Task objective >> Set down, exactly and only, everything from the line containing "Fiocchi di grano" down to the line containing "Union siegt bei" in the data below; the pictures are not part of the copy.

Provided records >>
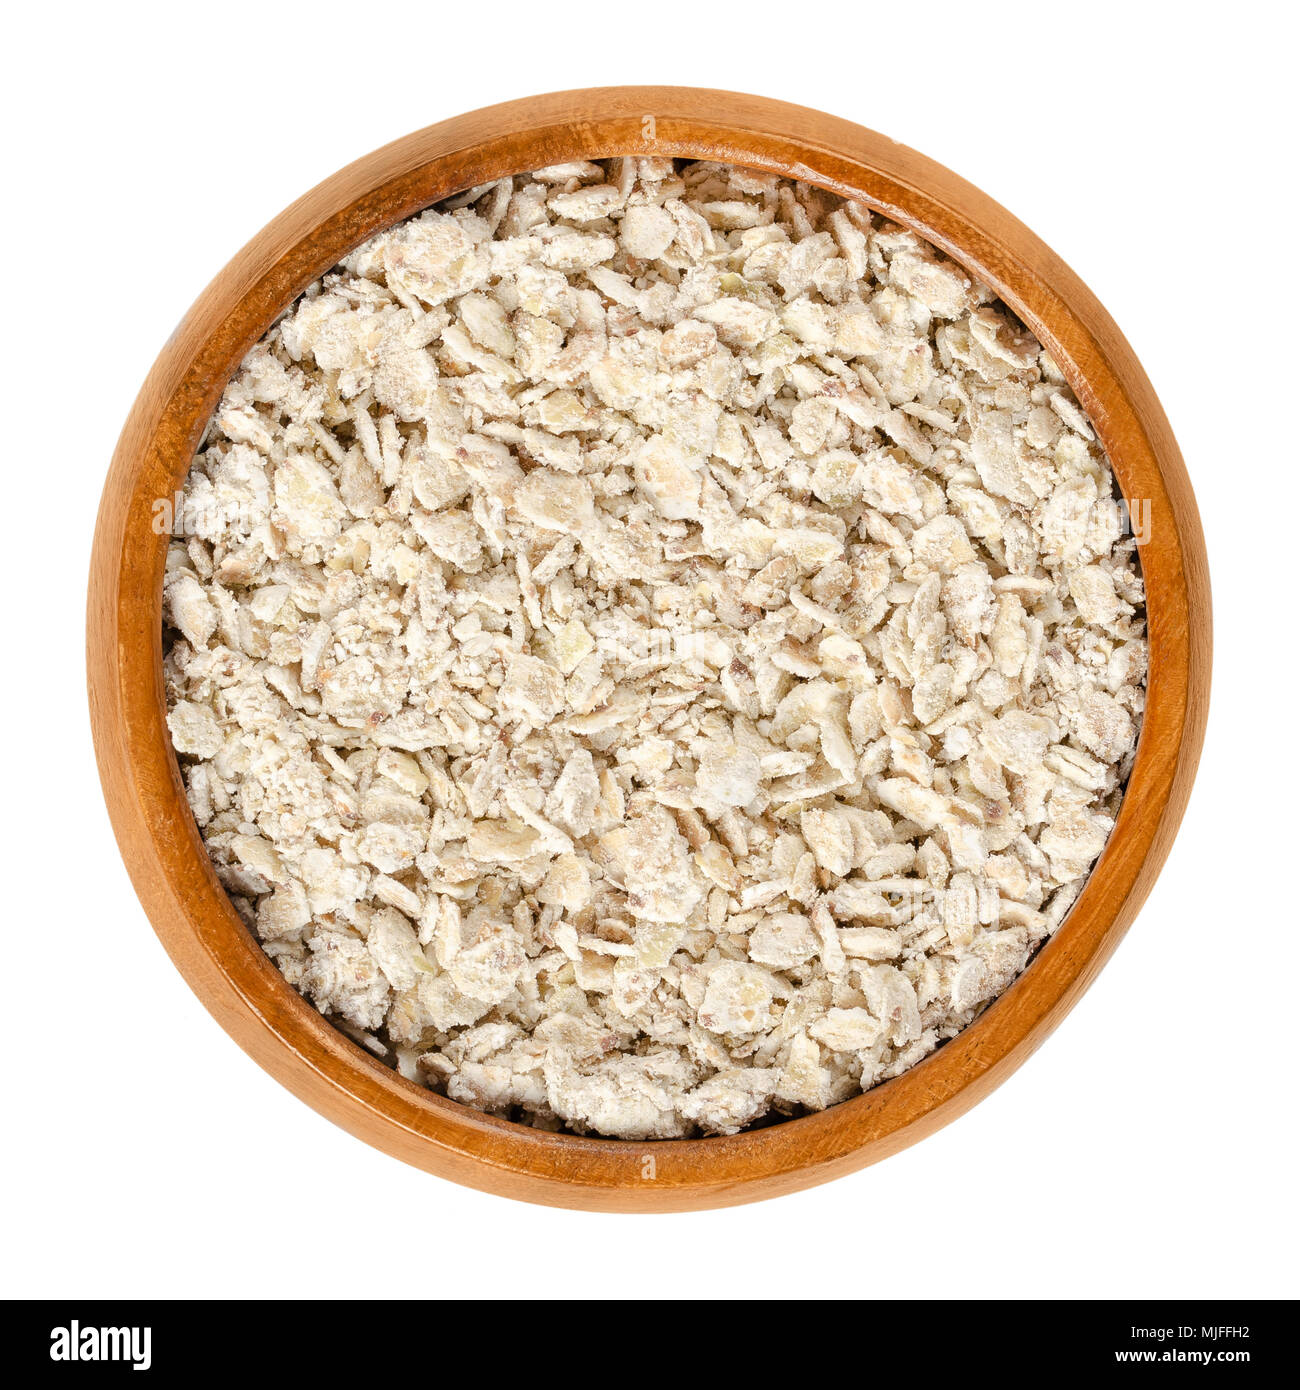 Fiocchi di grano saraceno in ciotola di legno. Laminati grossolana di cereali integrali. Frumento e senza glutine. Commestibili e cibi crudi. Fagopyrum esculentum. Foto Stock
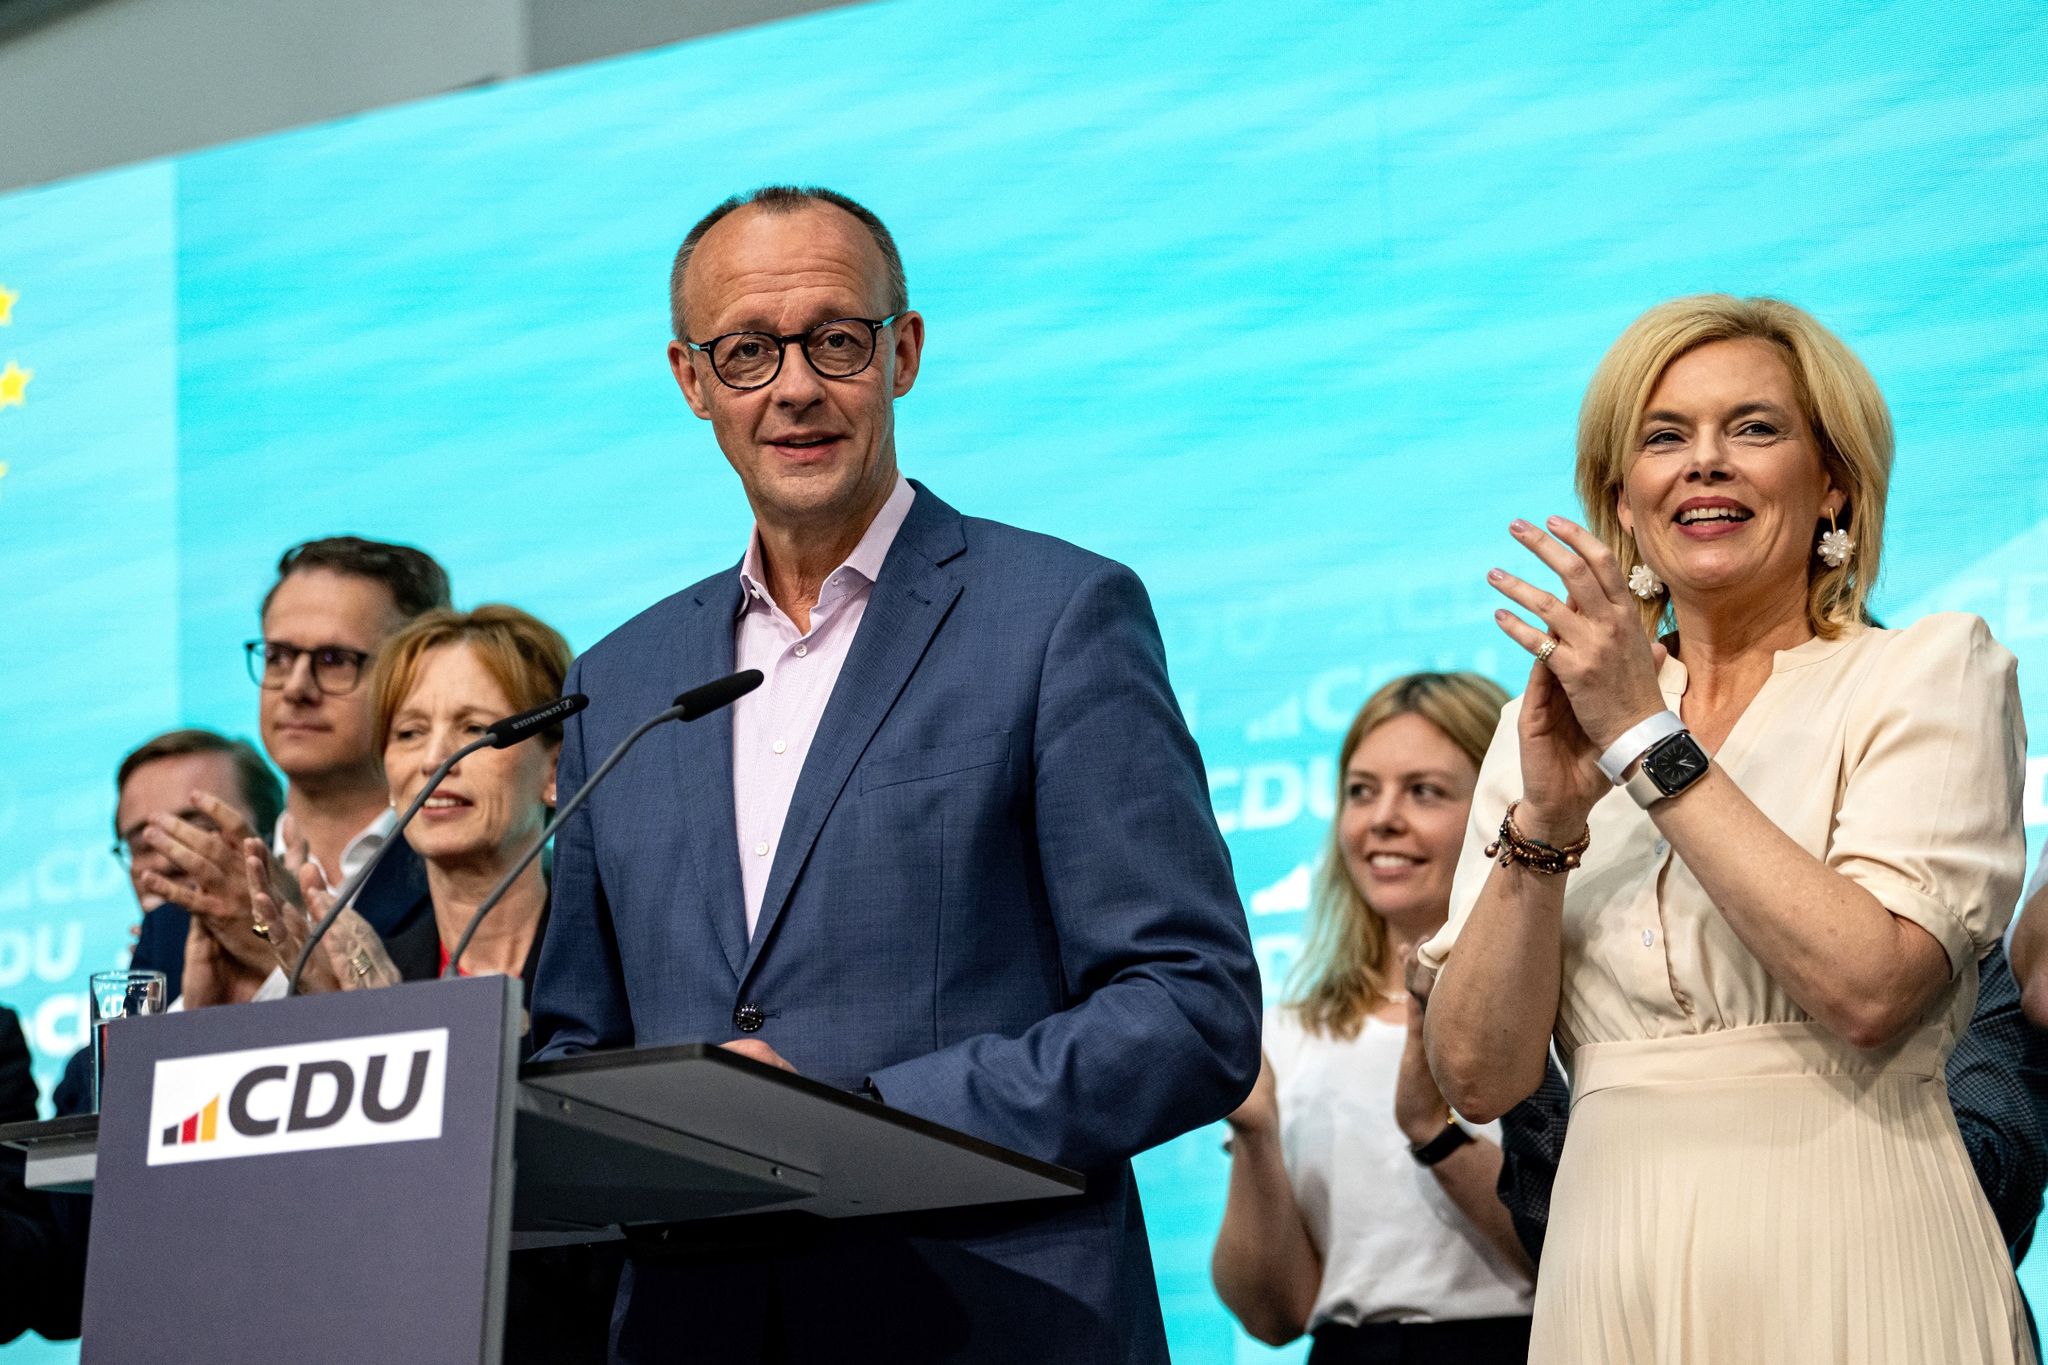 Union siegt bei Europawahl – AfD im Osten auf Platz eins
---
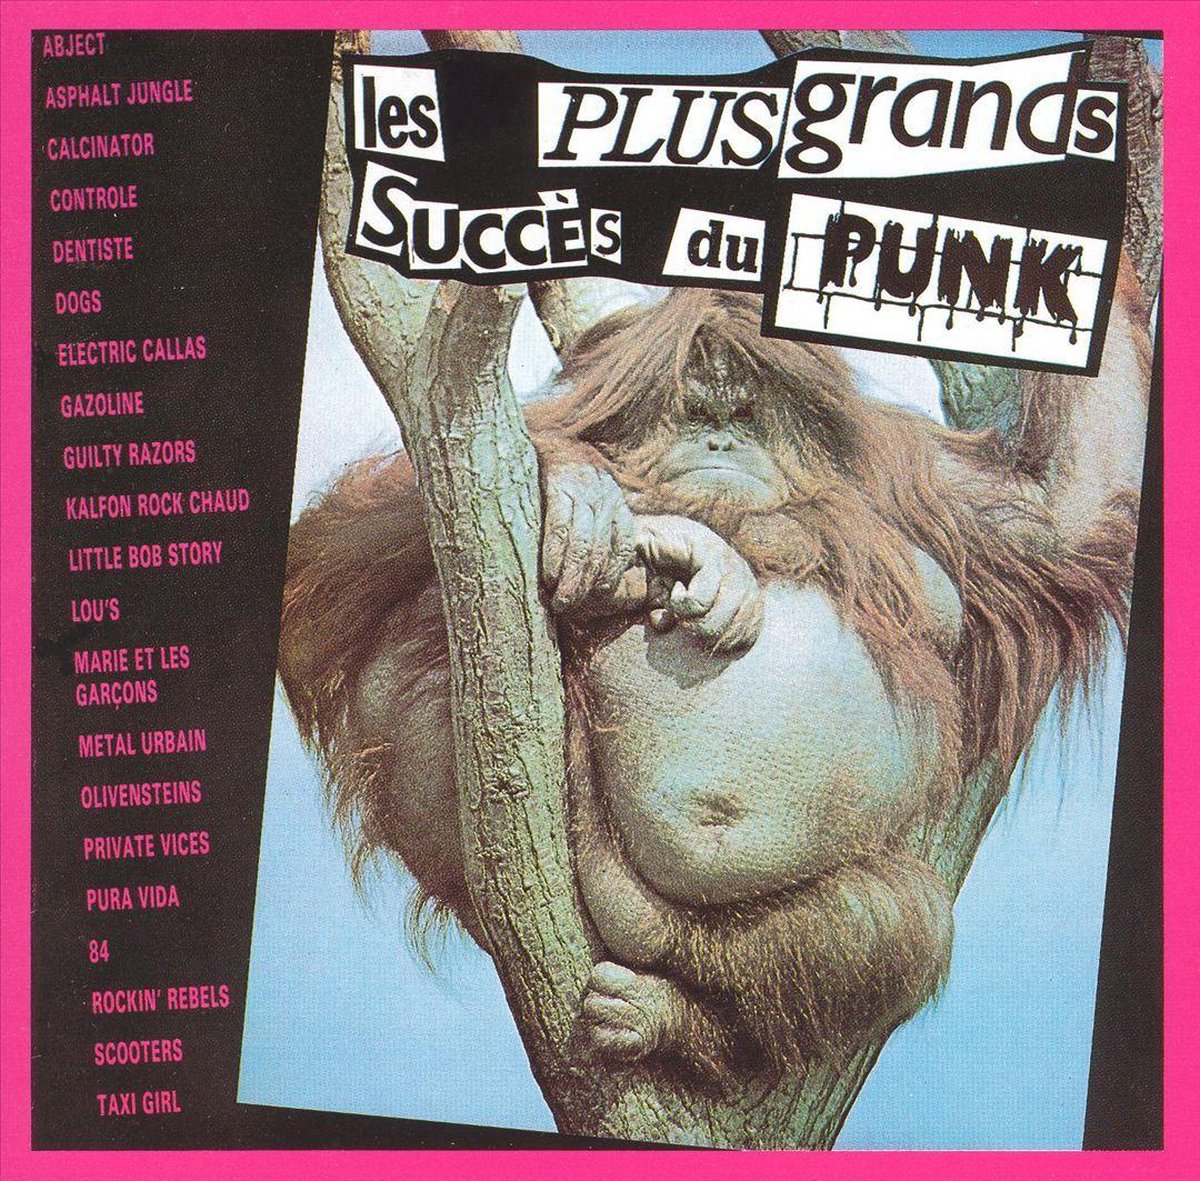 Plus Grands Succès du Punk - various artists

Output for this task >>
 Fiocchi di grano saraceno in ciotola di legno. Laminati grossolana di cereali integrali. Frumento e senza glutine. Commestibili e cibi crudi. Fagopyrum esculentum. Foto Stock
 Union siegt bei Europawahl – AfD im Osten auf Platz eins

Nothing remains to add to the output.